▶ _EXERCISE DIRECTIONS_
Starting at the line with "PRINTED KITCHEN RUGS", copy each line through the last one below exactly as written, without any pictures.

▶ _COLLECTED DATA_
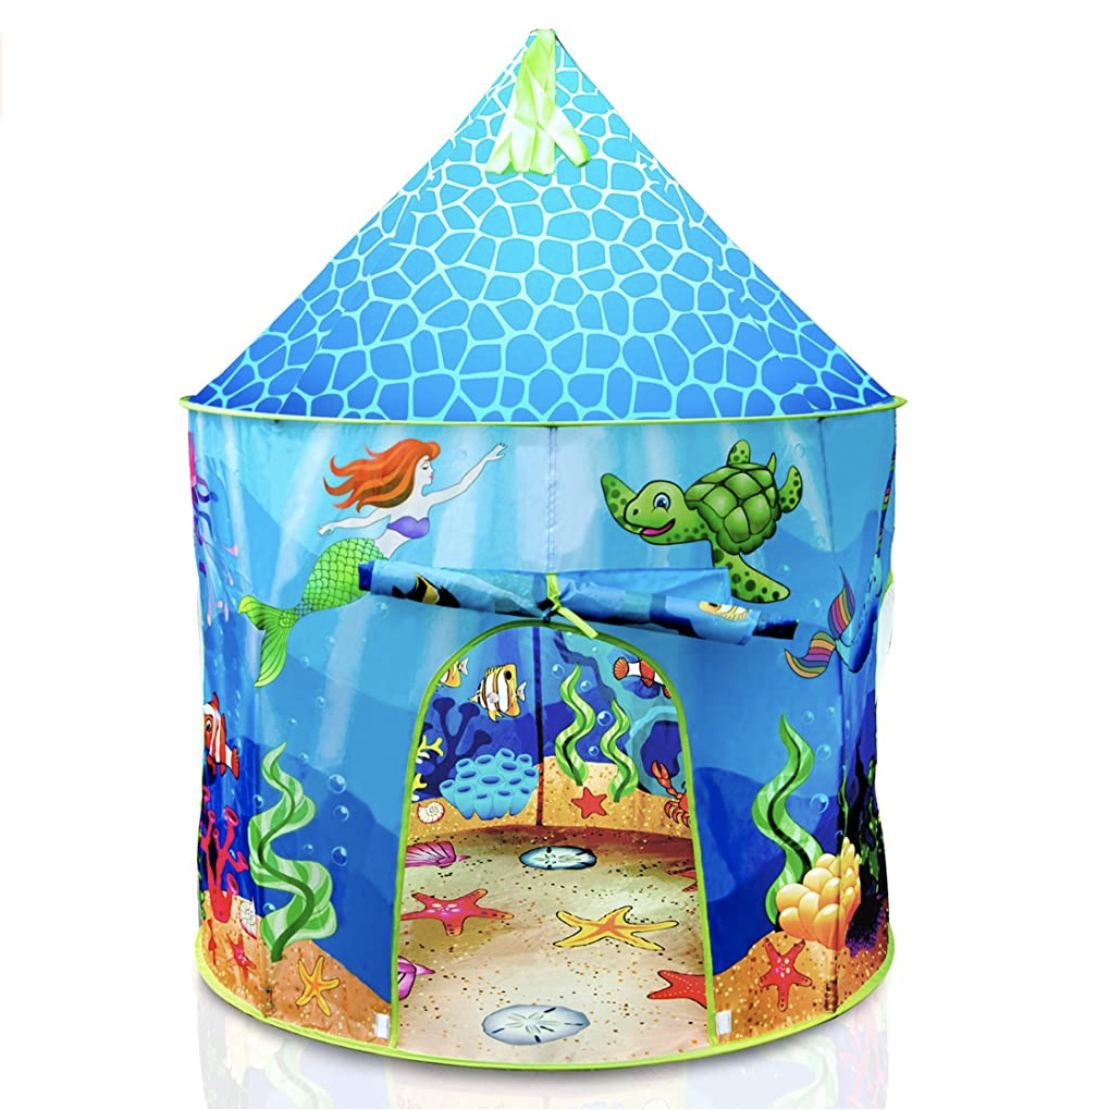 Amazon.com: USA Toyz Under The Sea Kids Tent - Mermaid Pop Up Kids Play Tent, Indoor and Outdoor Pla
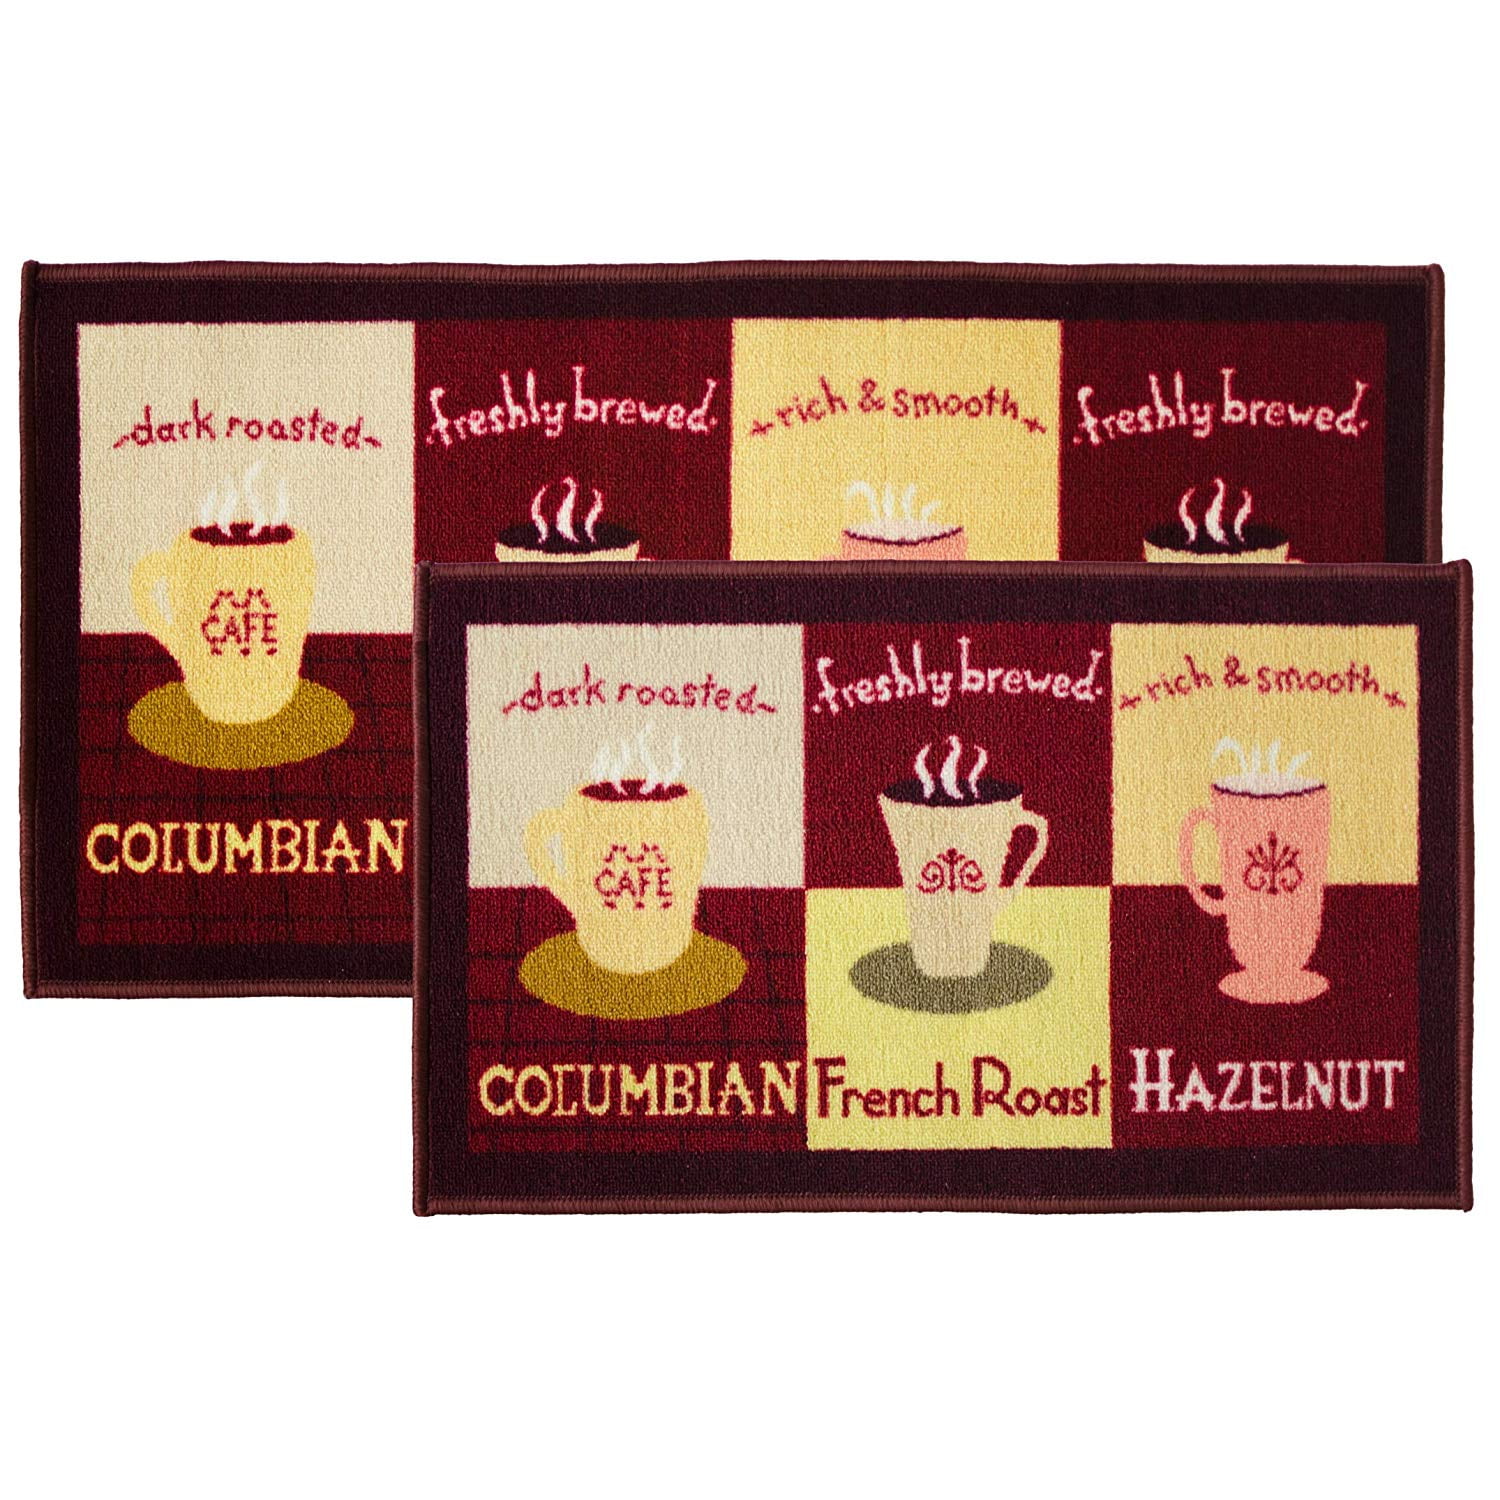 & WINE & CHEESE IN SQUARES,KH 20"x40" 18"x30" SET OF 2 PRINTED KITCHEN RUGS 
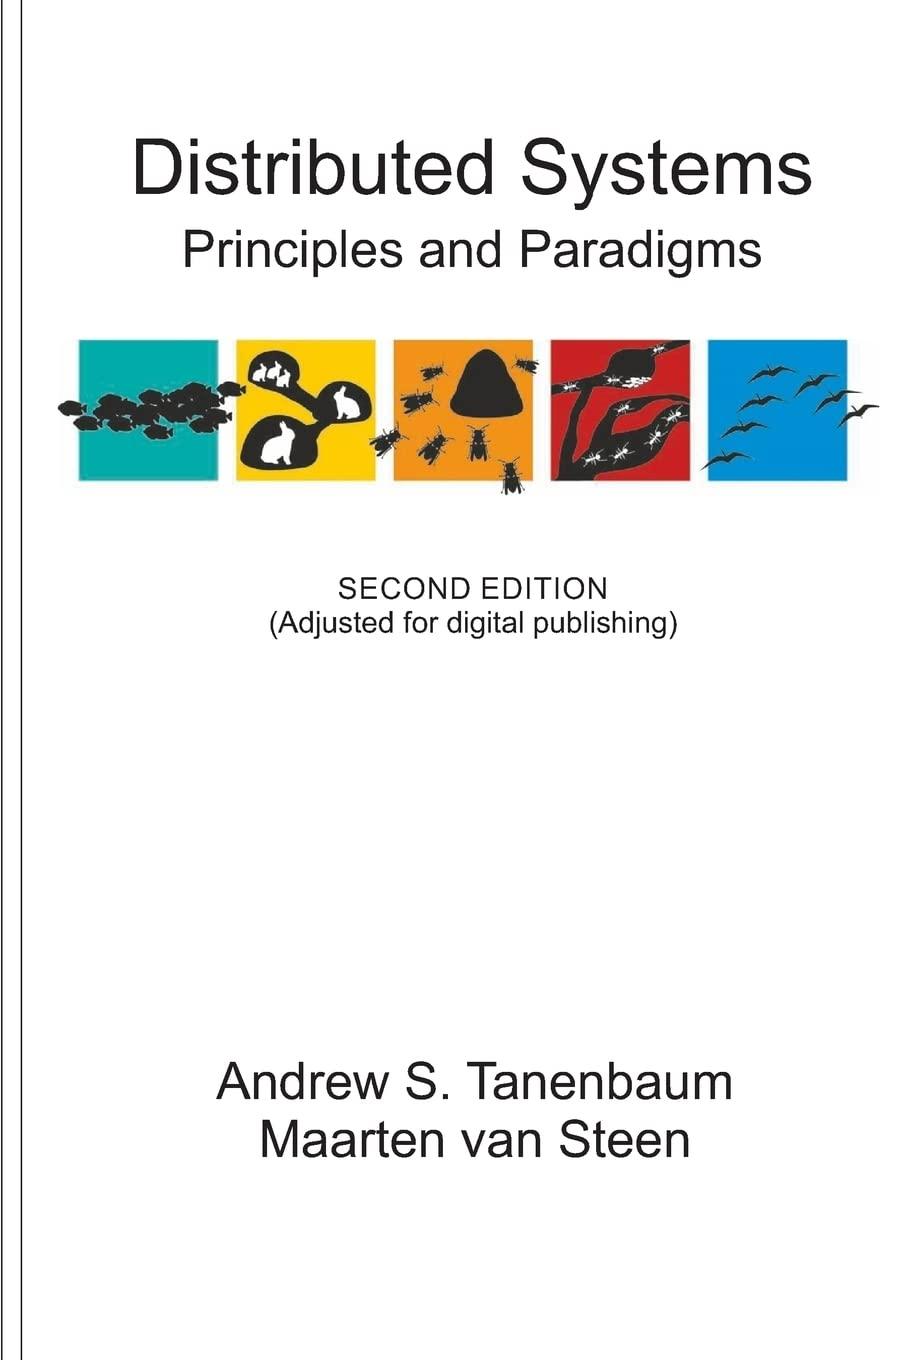 distributed systems principles and paradigms 2nd edition andrew s. tanenbaum, maarten van steen 153028175x,

▶ _RESULT FOR THIS EXERCISE_
 & WINE & CHEESE IN SQUARES,KH 20"x40" 18"x30" SET OF 2 PRINTED KITCHEN RUGS 
 distributed systems principles and paradigms 2nd edition andrew s. tanenbaum, maarten van steen 153028175x,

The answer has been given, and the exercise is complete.